Abbildung 3: Standbilder aus einer Sendung von TRT 1 im Mai 2004. Der gelbe Rauch auf dem rechten Bild ist wahrscheinlich eine Übungschemikalie.

 

Zwar ist der Einsatz von Tränengas bei internen Polizeieinsätzen nach der CWC erlaubt. Die hier gezeigten Übungen finden aber eindeutig unter militärischen Bedingungen statt. Ein derartiger Einsatz wäre nach den Bestimmungen der CWC verboten.  

 

 

5.      Zwei Verdachtsfälle aus jüngster Zeit

Im September 2009 starben im Raum Cukurca, Provinz Hakkari, acht PKK-KämpferInnen in einer Höhle bei einem Gefecht mit dem türkischen Militär.[9] Augenzeugen berichteten, dass die türkischen Soldaten auch Gas eingesetzt haben sollen. Danach hätten sie die acht Opfer regungslos aus der Höhle herausgebracht. Einige der Opfer seien dann noch mit Panzern überfahren worden.

Die Leichen wurden später obduziert, die Staatsanwaltschaft verweigert jedoch bislang eine Herausgabe der Obduktionsberichte. Direkt nach der Obduktion wurden Fotos der Opfer gemacht, die einer Menschenrechtsdelegation aus Deutschland übergeben wurden.

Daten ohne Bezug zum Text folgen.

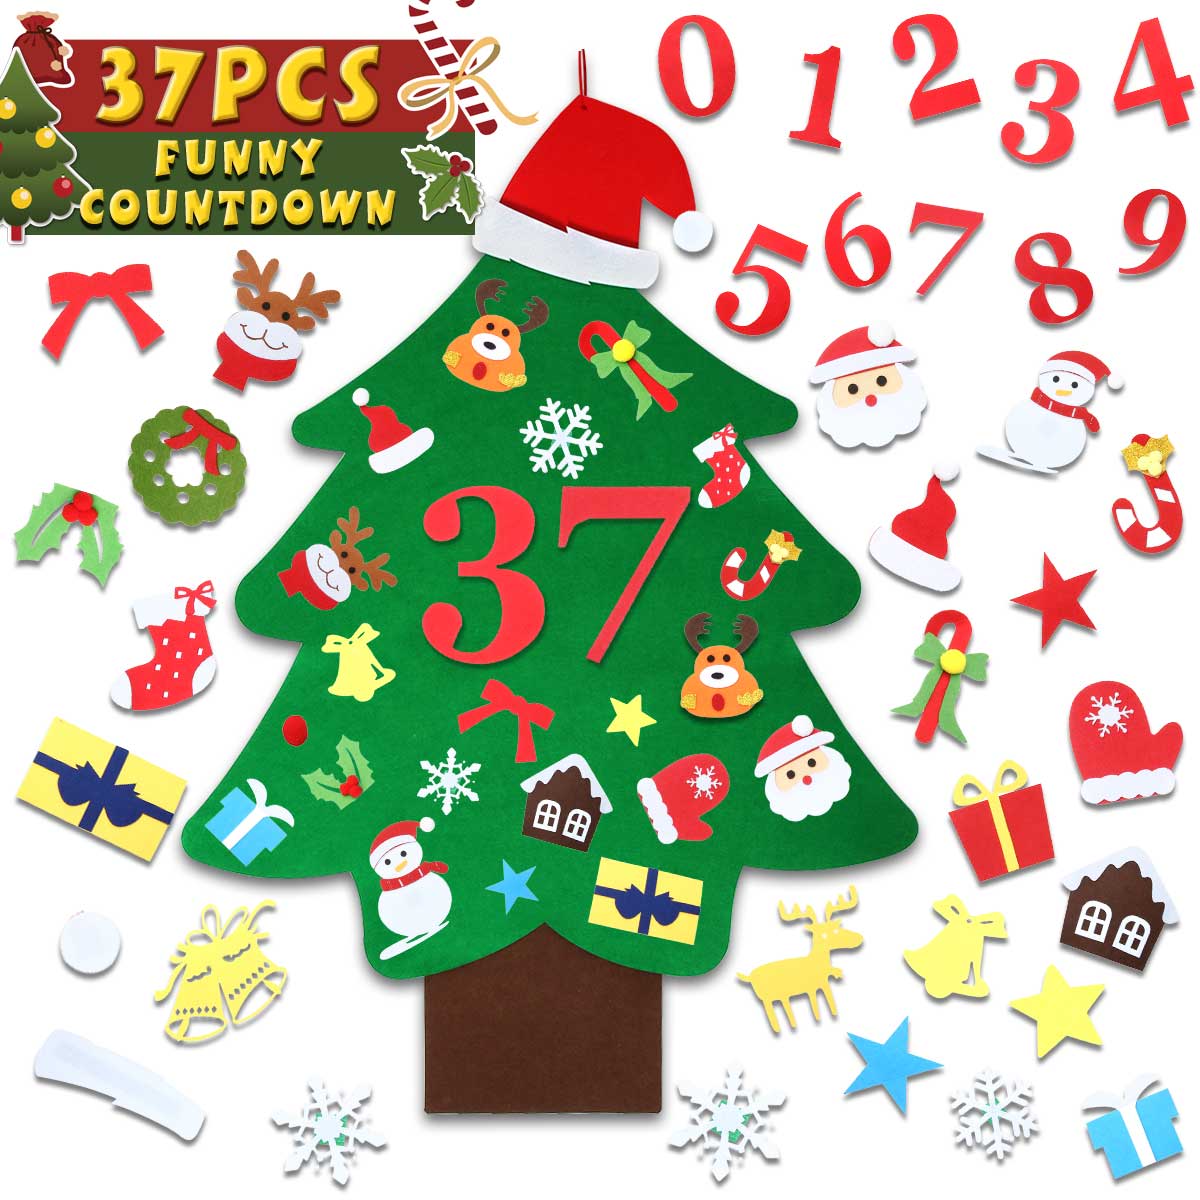 SAFETYON-DIY-Felt-Christmas-Tree-With-37PCS-Ornaments-1898979-1
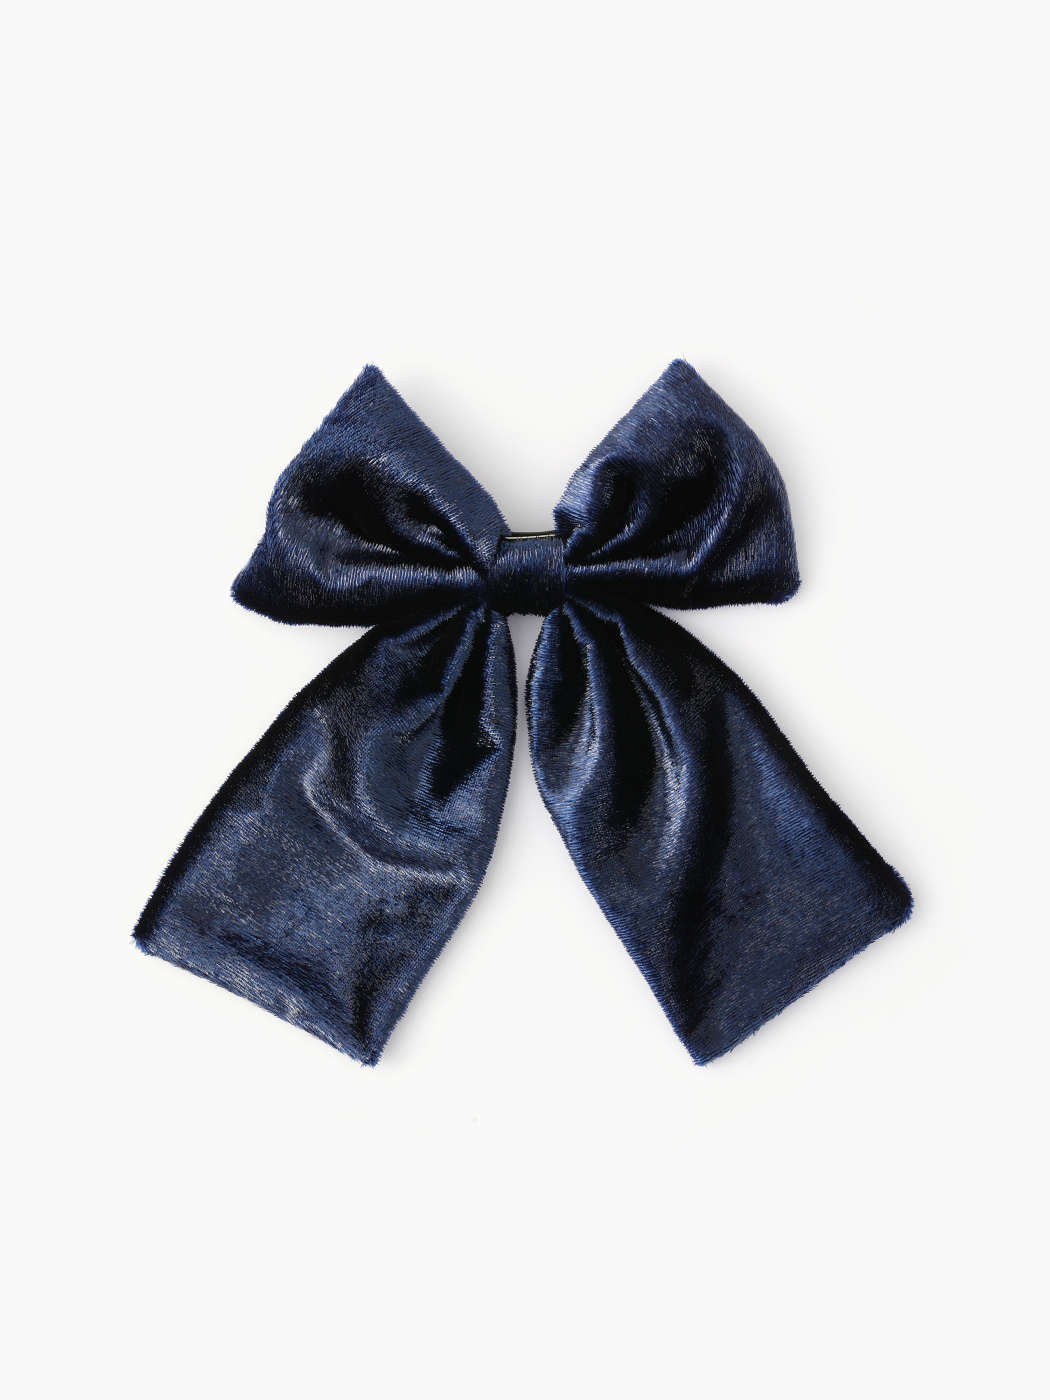 Tutorial} Fabric Ribbon Hair Bows - Our Thrifty Ideas

Ein deutscher Bildfälschungs-Experte fand keinerlei Hinweise darauf, dass die Fotos manipuliert waren. Pathologen am Universitätskrankenhaus Eppendorf in Hamburg begutachteten die Fotos und stellten eine mögliche Einwirkung von Chemikalien fest.[10]

Weder die Augenzeugenberichte noch das Hamburger Gutachten sind für sich genommen ein hinreichender Beweis für einen Chemiewaffen-Einsatz. Augenzeugenberichte – zumal wenn sie von einer am Konflikt beteiligten Seite stammen – sind nicht immer zuverlässig und sollten wenn irgend möglich durch objektive Beweise wie Laboruntersuchungen bestätigt werden. Und der von den Hamburger Rechtsmedizinern festgestellte mögliche Chemikalieneinsatz könnte auch nach dem Tod bzw. der Gefangennahme der Opfer passiert sein.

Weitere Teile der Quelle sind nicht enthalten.